Tuesday 25 June 2024

Trump lawyers file motion to recuse Judge Engoron from civil fraud trial

 Lawyers for former President Donald Trump have filed a motion to recuse New York Judge Arthur Engoron from presiding over the real estate mogul's civil fraud trial.

Alina Habba and Robert Clifford penned the 24-page motion, which was filed with the New York State Supreme Court on June 20. According to the attorneys, Engoron reportedly had an improper conversation with an outside attorney.

"Allegations have surfaced revealing [Judge Engoron] may have engaged in actions fundamentally incompatible with the responsibilities attendant to donning the black robe and sitting in judgment," the motion stated.

The filing by Habba and Clifford stemmed from an admission by attorney Adam Leitman Bailey during a television appearance. During a Feb. 16 interview on NBC News, he disclosed that he approached Engoron three weeks before the magistrate issued his $364 million ruling against Trump on the same day as the interview. Bailey offered unsolicited advice to Engoron, which the judge accepted.

"I saw him in the corner [at the courthouse] and I told my client, 'I need to go.' And I walked over and we started talking," the lawyer said. "I wanted him to know what I think and why. I really want him to get it right."

According to Habba and Clifford, the discussion contradicts the comments of a court spokesperson who claimed that Engoron's ruling "was his alone, was deeply considered and was wholly uninfluenced." They ultimately argued that the conversation between Engoron and Bailey violates the New York Code of Judicial Conduct (NYCJC), which "expressly provides that a judge must avoid even the appearance of impropriety." 

"While [Engoron] has purportedly denied being influenced by Bailey, the appearance of impropriety engendered by Bailey's apparent communications with [the magistrate], its obfuscation until three months after entry of judgment, and the pendency of a commission investigation remains."

“It is incumbent on [Engoron], as an elected representative of the people of this State and this County, to recuse [himself] in light of the demonstrable appearance that [he] allowed [himself] to be influenced by and relied upon the biased opinions, conveyed in secret, of an unelected nonparty attorney who has previously sued [former] President Trump multiple times."
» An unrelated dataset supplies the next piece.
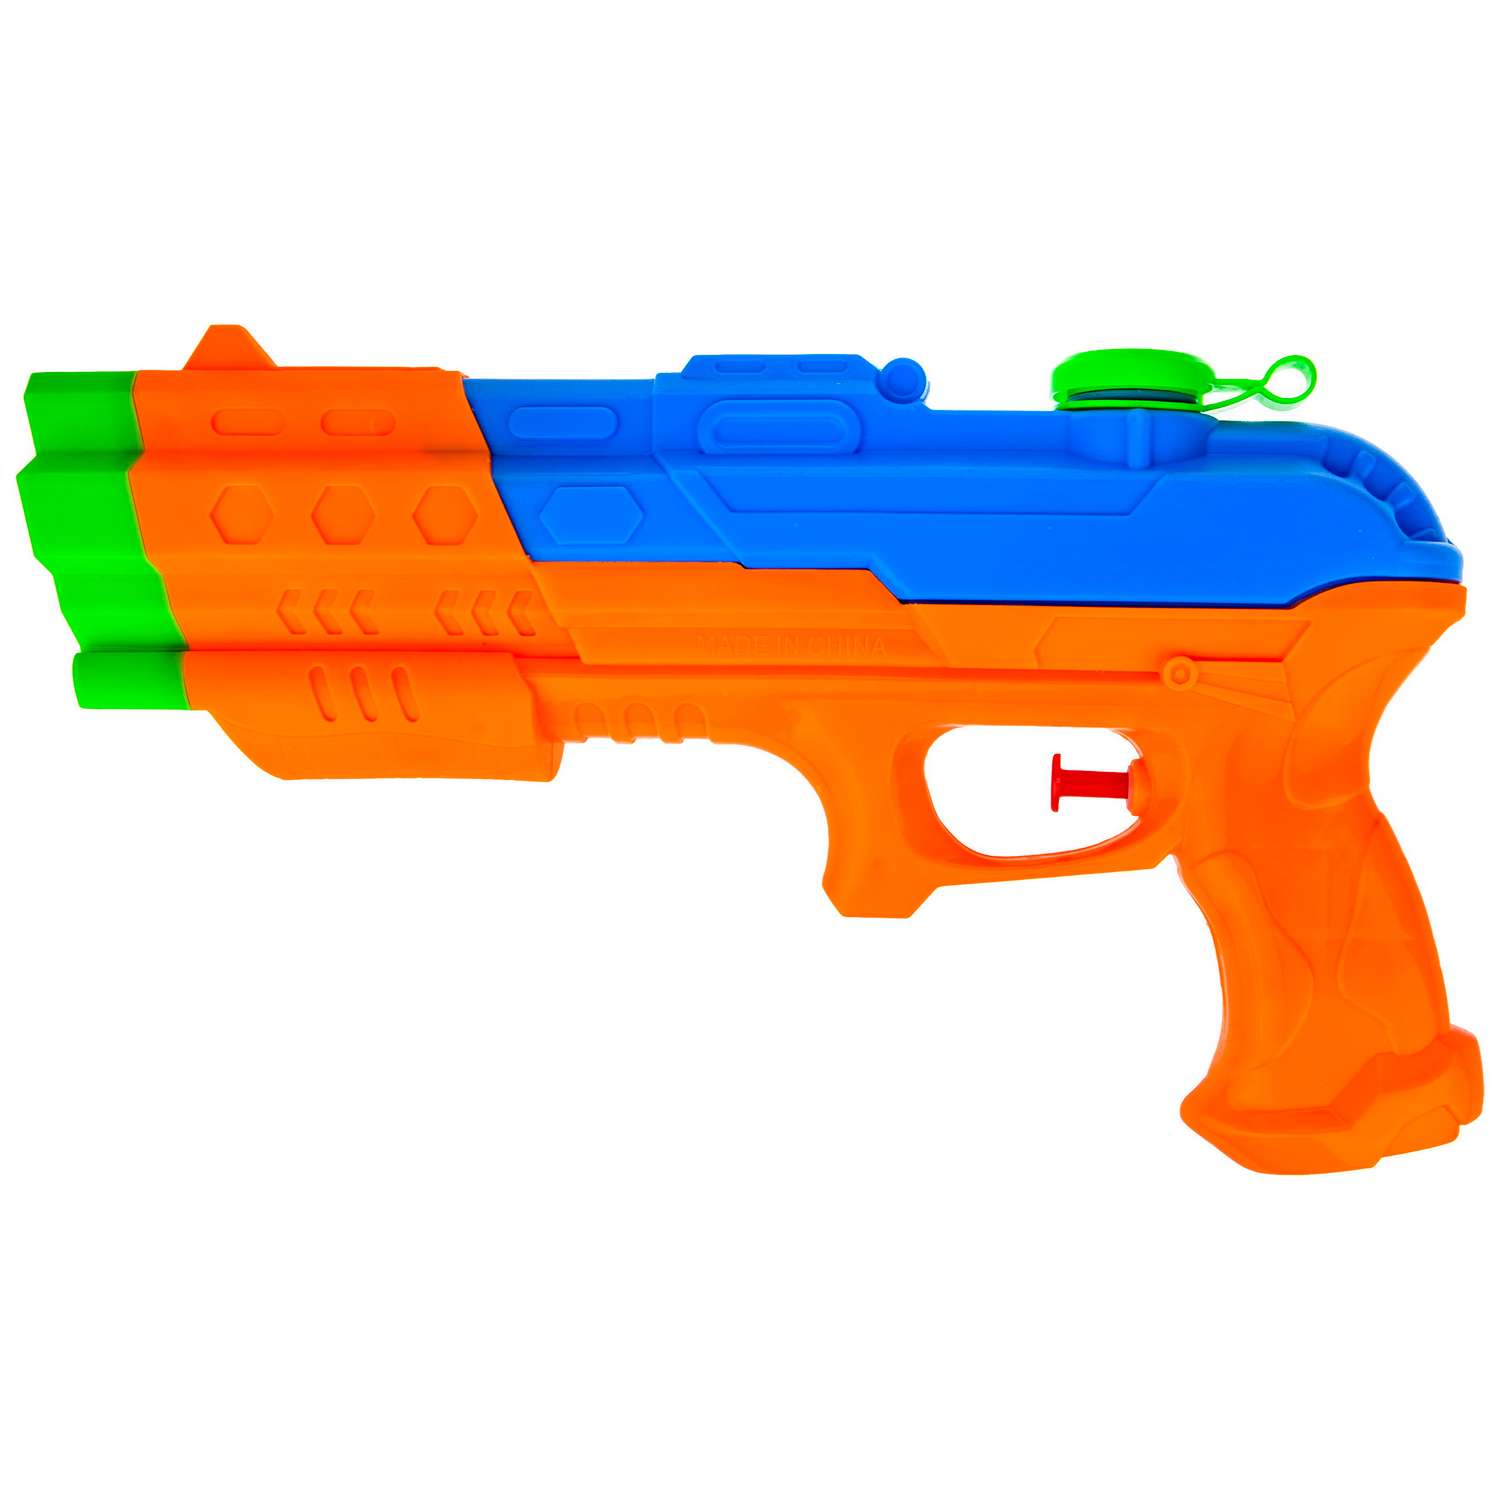 Водное оружие Aqua мания Пистолет оранжево-синий - фото 1

Court spokesman denies impropriety on Engoron's part

Al Baker, communications director for the New York State Unified Court System, denied any impropriety on Engoron's part in a response to NBC 4 last month. He told the outlet: "No ex parte conversation concerning this matter occurred between Engoron and Bailey or any other person. The decision Engoron issued Feb. 16 was his alone, was deeply considered and was wholly uninfluenced by this individual."

"The NYCJC exists to ensure that litigants are afforded a fair and impartial trial. Engoron's communications with Bailey regarding the merits of this case, however, directly violate that code and demonstrate that [the magistrate] cannot serve as a fair arbiter," Habba said in a statement. "It is clear that Engoron should recuse himself immediately."

In February, the Democrat judge found Trump liable for more than $350 million in damages in the civil fraud case brought against him by New York Attorney General Letitia James. Her case also targeted Trump's family and the Trump Organization.   

At the time, Engoron ruled that the former president and other defendants were liable for "persistent and repeated fraud," "falsifying business records," "issuing false financial statements," "conspiracy to falsify false financial statements," "insurance fraud" and "conspiracy to commit insurance fraud."

The judge criticized Trump's behavior during the trial, saying that the former president "rarely responded to the questions asked, and he frequently interjected long, irrelevant speeches on issues far beyond the scope of the trial."

Bailey did not immediately respond to a request for comment sent by Fox News. Notably, the lawyer successfully sued Trump over a condominium dispute years ago – which the motion to recuse mentioned.